Component	Function	Examples
Embeddings	Convert text to vectors	OpenAI Ada, Cohere, Sentence-BERT
Vector DB	Store and search vectors	Pinecone, Weaviate, Chroma, pgvector
Chunking	Split documents	By paragraphs, semantic, hybrid
Reranking	Improve relevance	Cohere Rerank, Cross-encoders
LLM	Generate response	GPT-4, Claude, Llama

Practical example: Support chatbot

// Simplified example with LangChain
import { OpenAIEmbeddings } from "langchain/embeddings/openai";
import { PineconeStore } from "langchain/vectorstores/pinecone";
import { ChatOpenAI } from "langchain/chat_models/openai";

// 1. Search relevant documents
const vectorStore = await PineconeStore.fromExisting(
  new OpenAIEmbeddings(),
  { pineconeIndex }
);

const relevantDocs = await vectorStore.similaritySearch(
  "How do I reset my password?",
  5  // top 5 results
);

// 2. Generate response with context
const llm = new ChatOpenAI({ modelName: "gpt-4" });

const response = await llm.invoke([
  {
    role: "system",
    content: `You are a support agent.

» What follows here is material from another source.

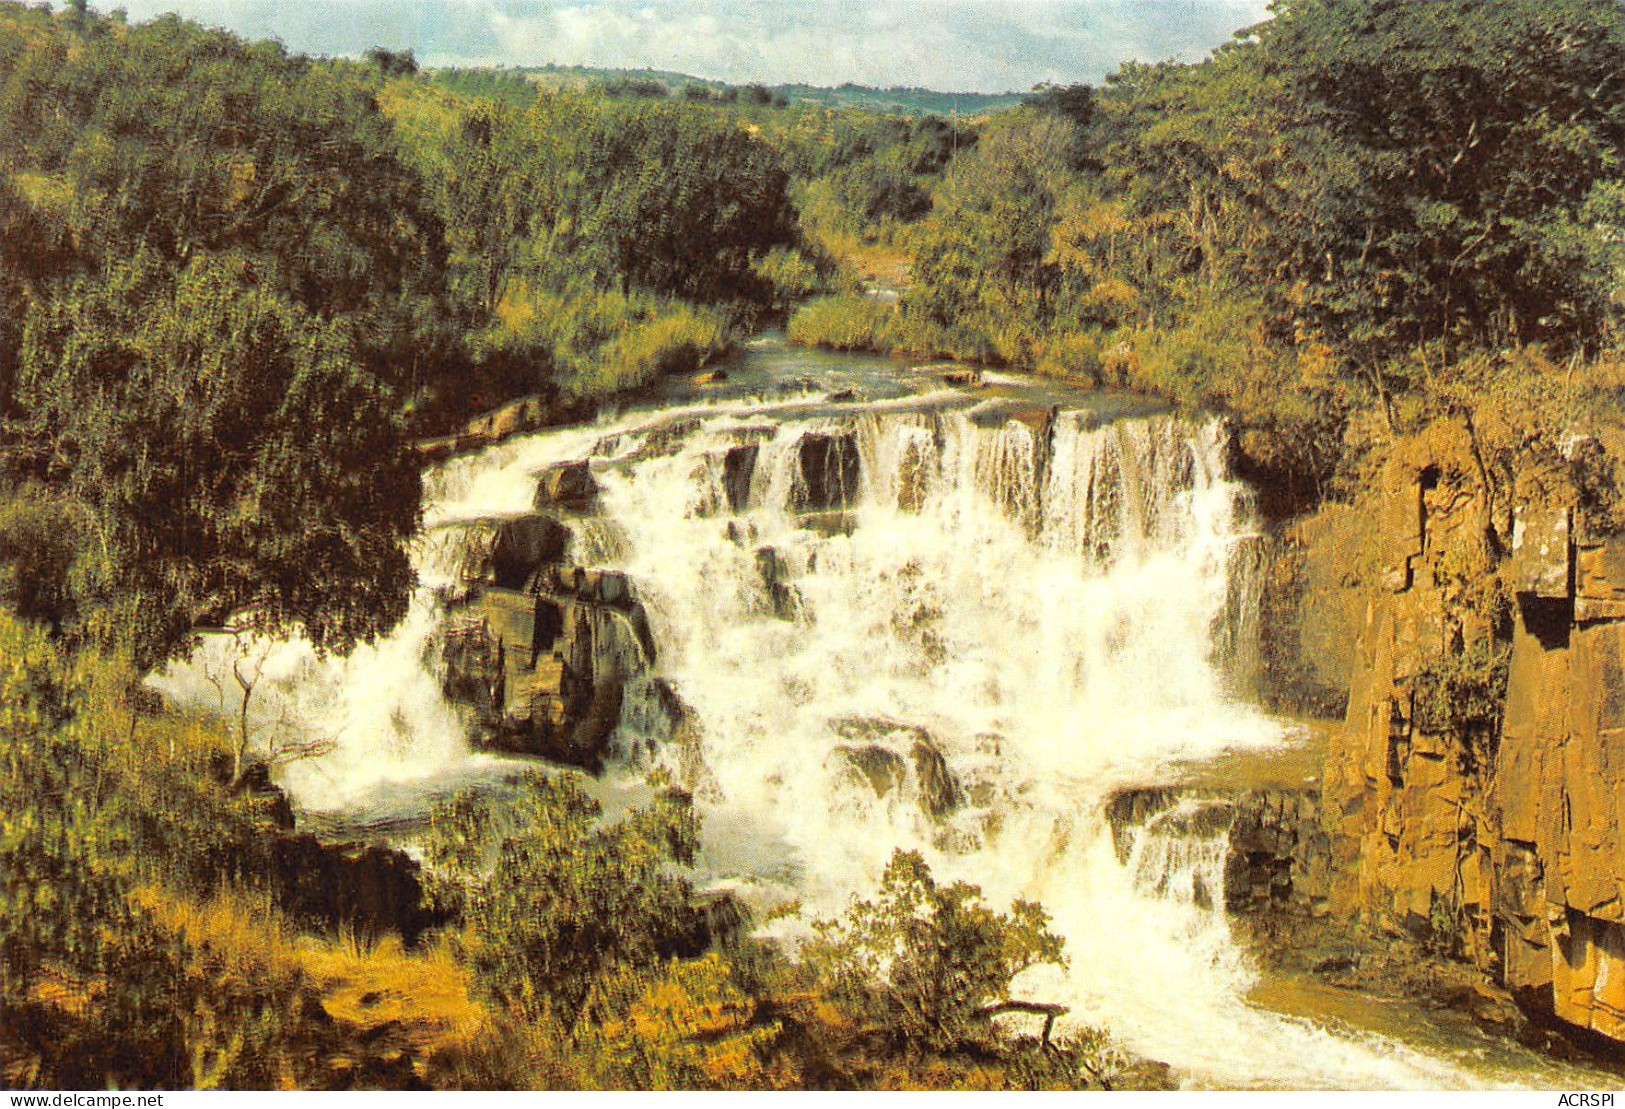 Zimbabwe Falls Nyangombi Nyanga - Southern Rhodesia Publisher PVT HARARE (Scan R/V) N° 26 \MP7117 - Zimbabwe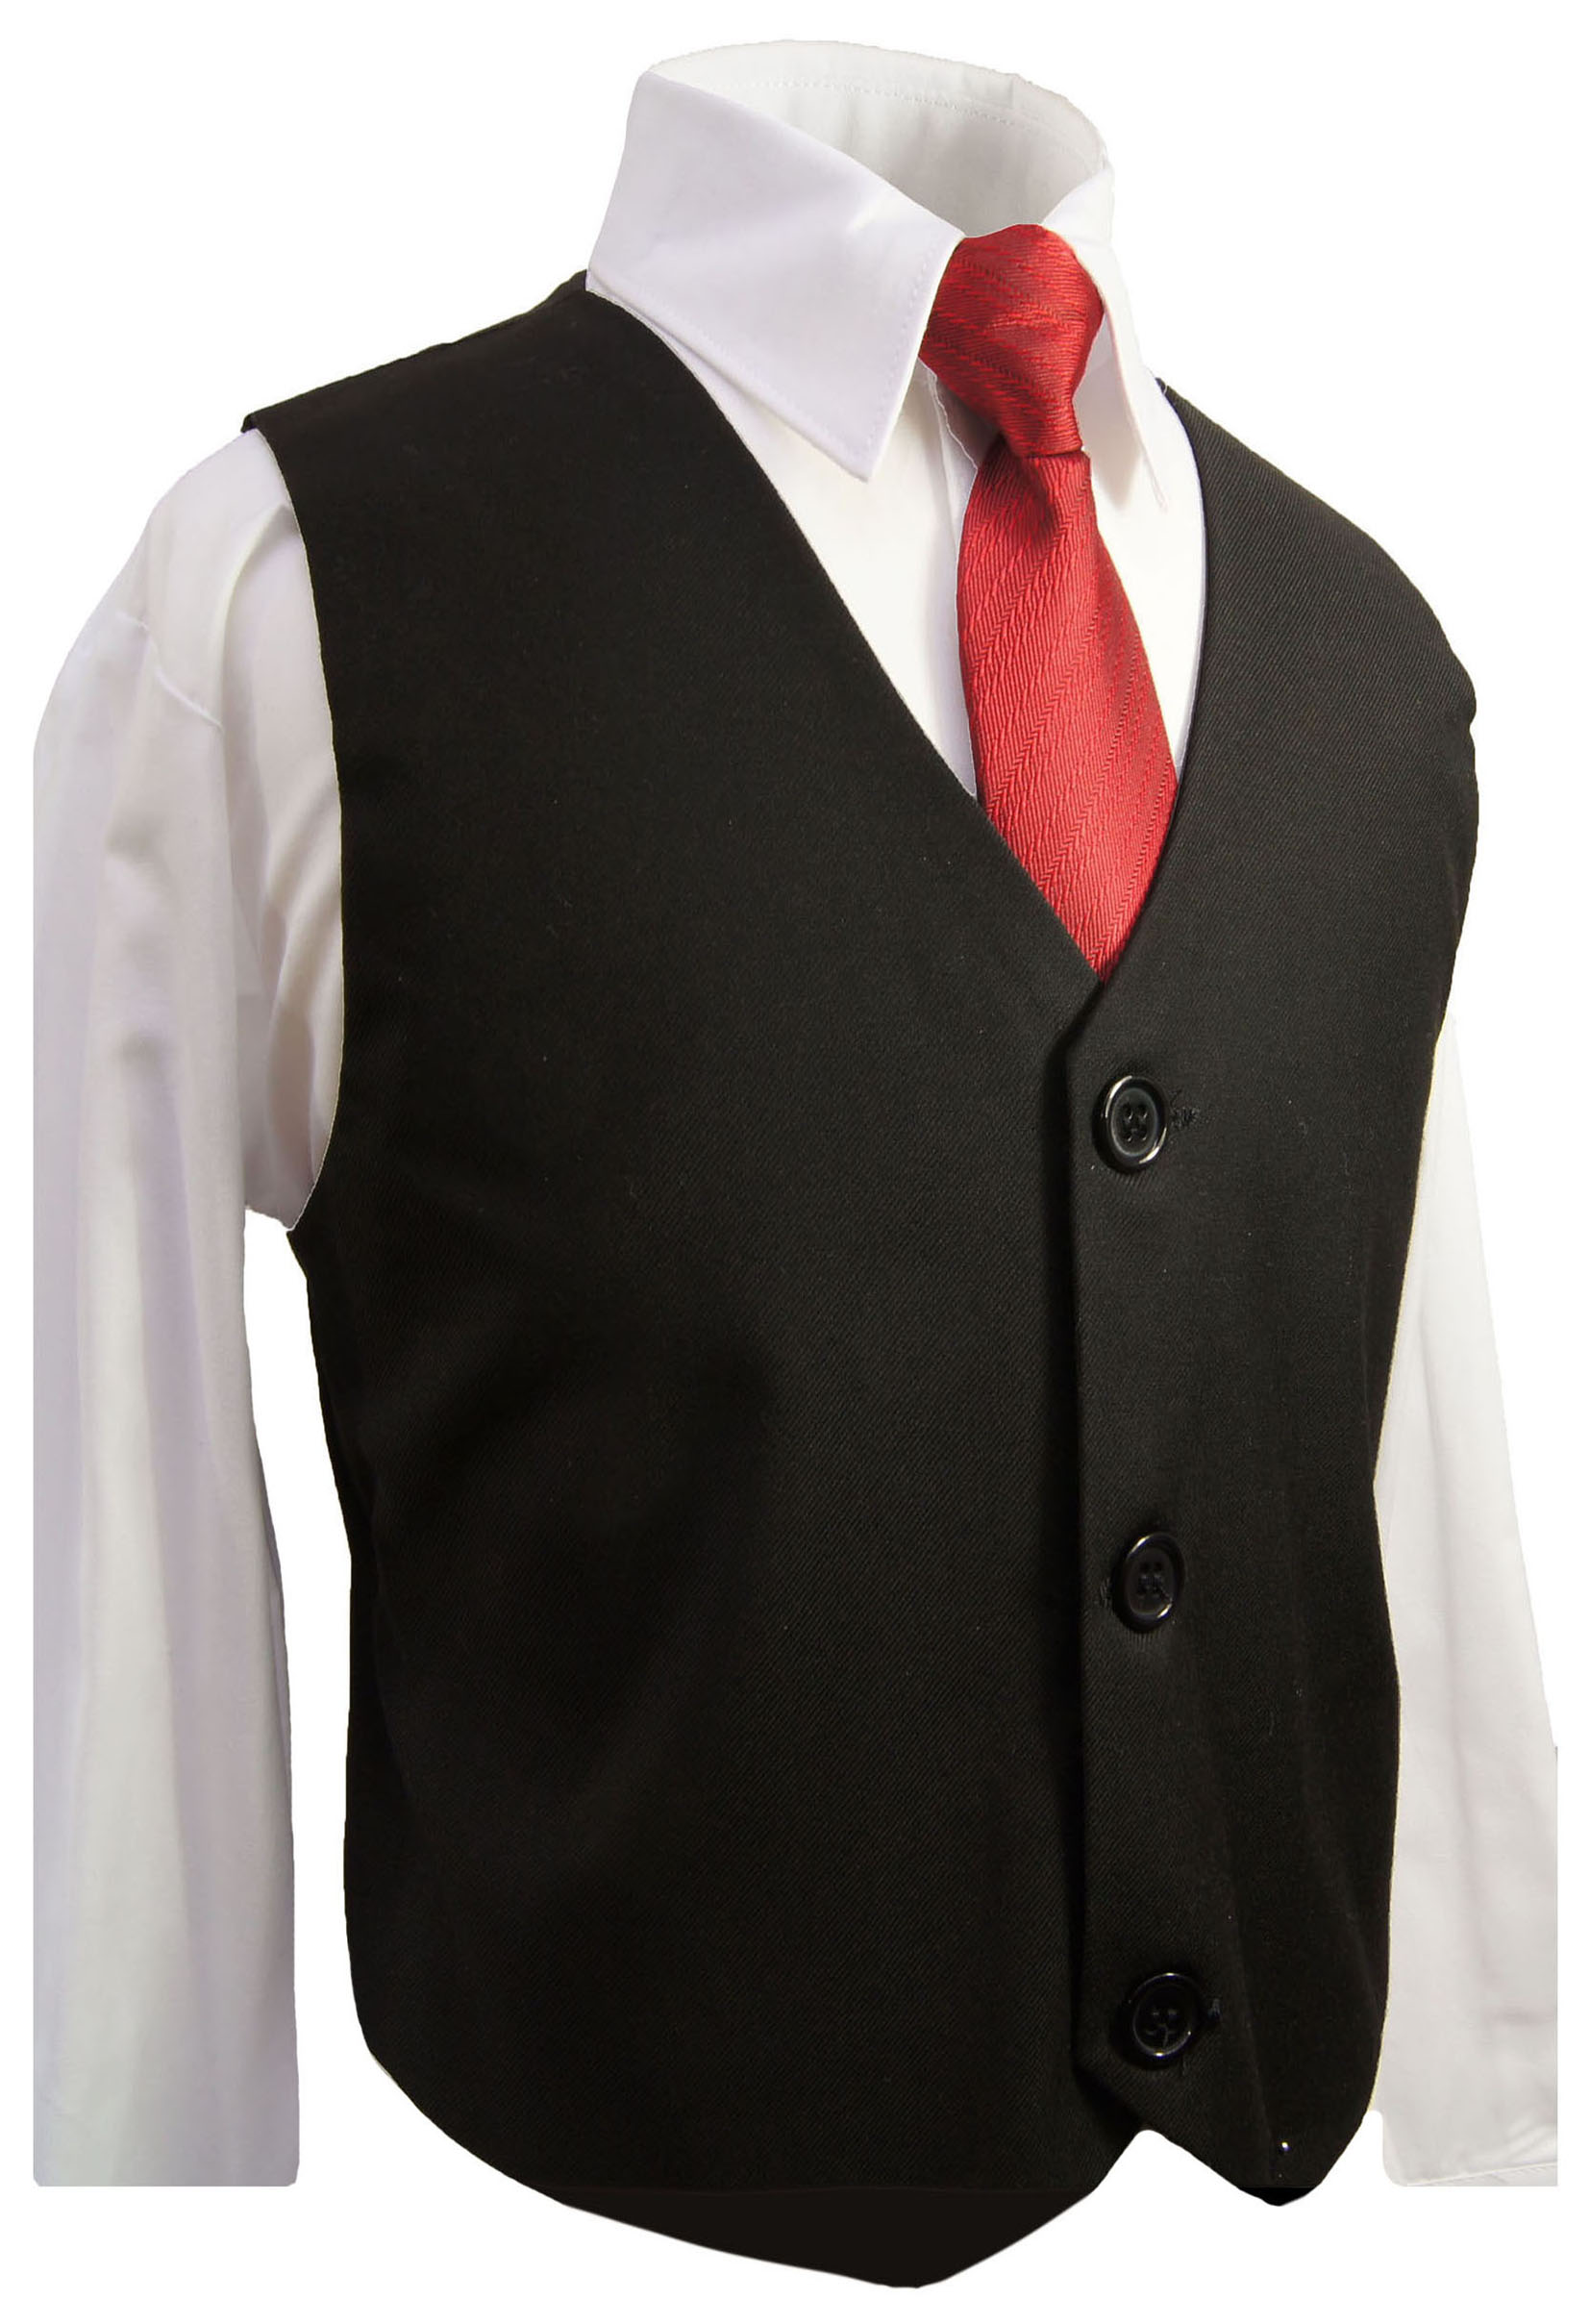 New Men's Formal Vest Tuxedo Waistcoat_Black White Dots Necktie & Hankie set

Use ONLY this information:
              ${relevantDocs.map(d => d.pageContent).join('\n\n')}`
  },
  {
    role: "user",
    content: "How do I reset my password?"
  }
]);

Advantages vs Fine-tuning

Aspect	RAG	Fine-tuning
Updates	Instant	Requires re-training
Cost	Low (inference only)	High (training)
Traceability	Cites sources	”Black box”
Private data	Stays local	Incorporated into model
Best for	FAQ, documentation	Tone, specific format

Best practices

Do

Use chunks of 200-500 tokens
Implement reranking for better precision
Include metadata (date, source, author)
Version your indexes
Filter by minimum relevance

Don’t

Chunks too large (loses relevance)
Chunks too small (loses context)
Ignore source document quality
Omit handling “I don’t know”

Important metrics

┌────────────────────────────────────────┐
│   KPIs FOR RAG                          │
├────────────────────────────────────────┤
│                                         │
│   Retrieval:                           │
│   - Precision@K: % relevant in top K   │
│   - Recall: % documents found          │
│   - MRR: Position of first relevant    │
│                                         │
│   Generation:                          │
│   - Faithfulness: Fidelity to context  │
│   - Answer relevancy: Useful to user   │
│   - Hallucination rate: Made-up info   │
│                                         │
└────────────────────────────────────────┘

[[LLM]] - The model that generates responses
[[Agentic AI]] - Agents that use RAG for complex tasks
[[MCP]] - Protocol to connect RAG to multiple sources

Remember: RAG is only as good as your documents. Garbage in, garbage out. Invest in the quality and organization of your knowledge base.